O que se desenha no horizonte é uma nova Brasília de concreto, cimento, aço, cifrões invisíveis e tenebrosas transações. Brasília (independentemente das coisas positivas que sua criação acarretou) provocou rombos gigantescos e fortunas instantâneas. Quando eu era pequeno ouvia histórias de como Brasília tinha sido construída. Fulano de Tal se comprometia a entregar pelo preço X um total de 50 caminhões de areia. O caminhão entrava no canteiro de obras, sua entrada era registrada (“Primeiro caminhão!”), ele ia até o final, saía, dava a volta, entrava de novo (“Segundo caminhão!”) e passava o dia assim.
Essa lenda urbana lembra a bolsa inesgotável das histórias de cordel; e bate com a das republiquetas latino-americanas que no desfile do Dia da Pátria, diante de embaixadores estrangeiros, faziam a mesma meia-dúzia de batalhões darem a volta ao quarteirão e desfilarem de novo. Algo me diz que depois desses mega-eventos esportivos o valente Eduardo Galeano vai ter que acrescentar um apêndice de 50 páginas ao seu clássico As Veias Abertas da América Latina.

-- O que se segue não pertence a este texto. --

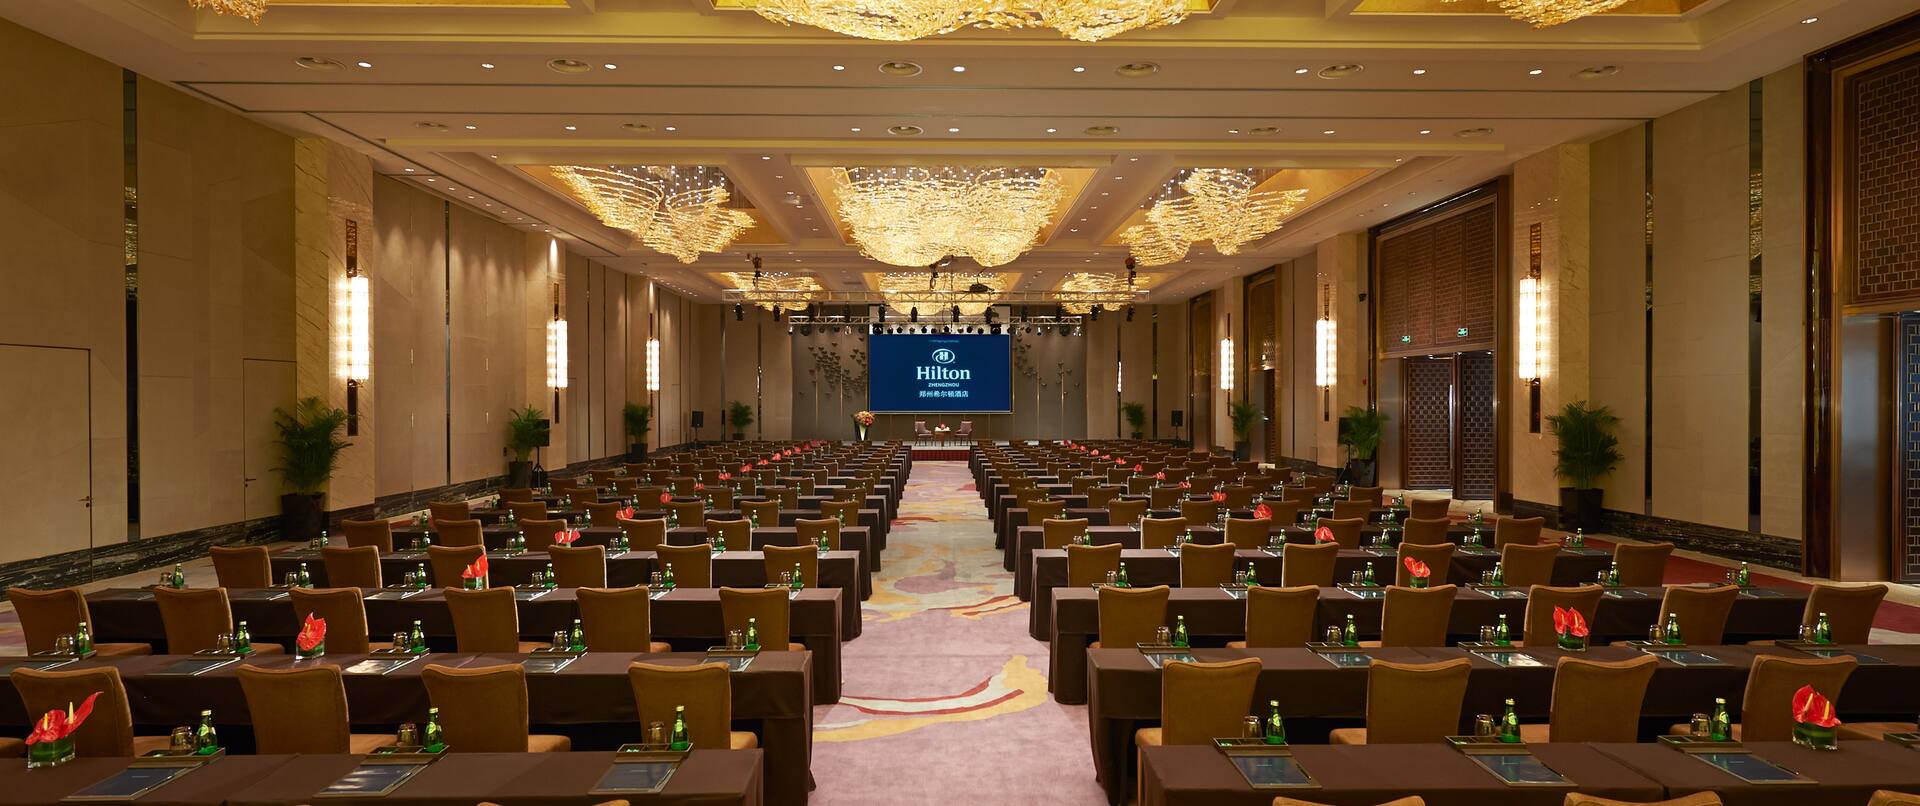 Hilton Zhengzhou Hotel, China - Grand Ballroom Classroom-Style Set Up

2721) A morte da menina (23.11.2011)

No século 19, grande parte da literatura popular era publicada em folhetins, aqueles rodapés dos jornais diários, em forma de narrativa seriada. Todo dia, ou toda semana, conforme o caso, saía mais um capítulo da história. O leitor recebia o jornal em casa, se fosse assinante; ou ia até a banca para comprá-lo. Exatamente como hoje. E nesse contato diário com o jornal ele ia, entre outras coisas, acompanhando aventuras policiais, de capa-e-espada, melodramas sentimentais ou dramas familiares.
O folhetim era mais típico da França, mas foi Charles Dickens o grande folhetinista inglês, e um dos maiores de todos os tempos. A maioria dos seus romances foram publicados primeiro assim, como folhetins serializados, que os leitores corriam a comprar assim que o jornal saía às ruas. Um desses romances foi A Velha Loja de Curiosidades (1840-41), do qual se conta a seguinte história.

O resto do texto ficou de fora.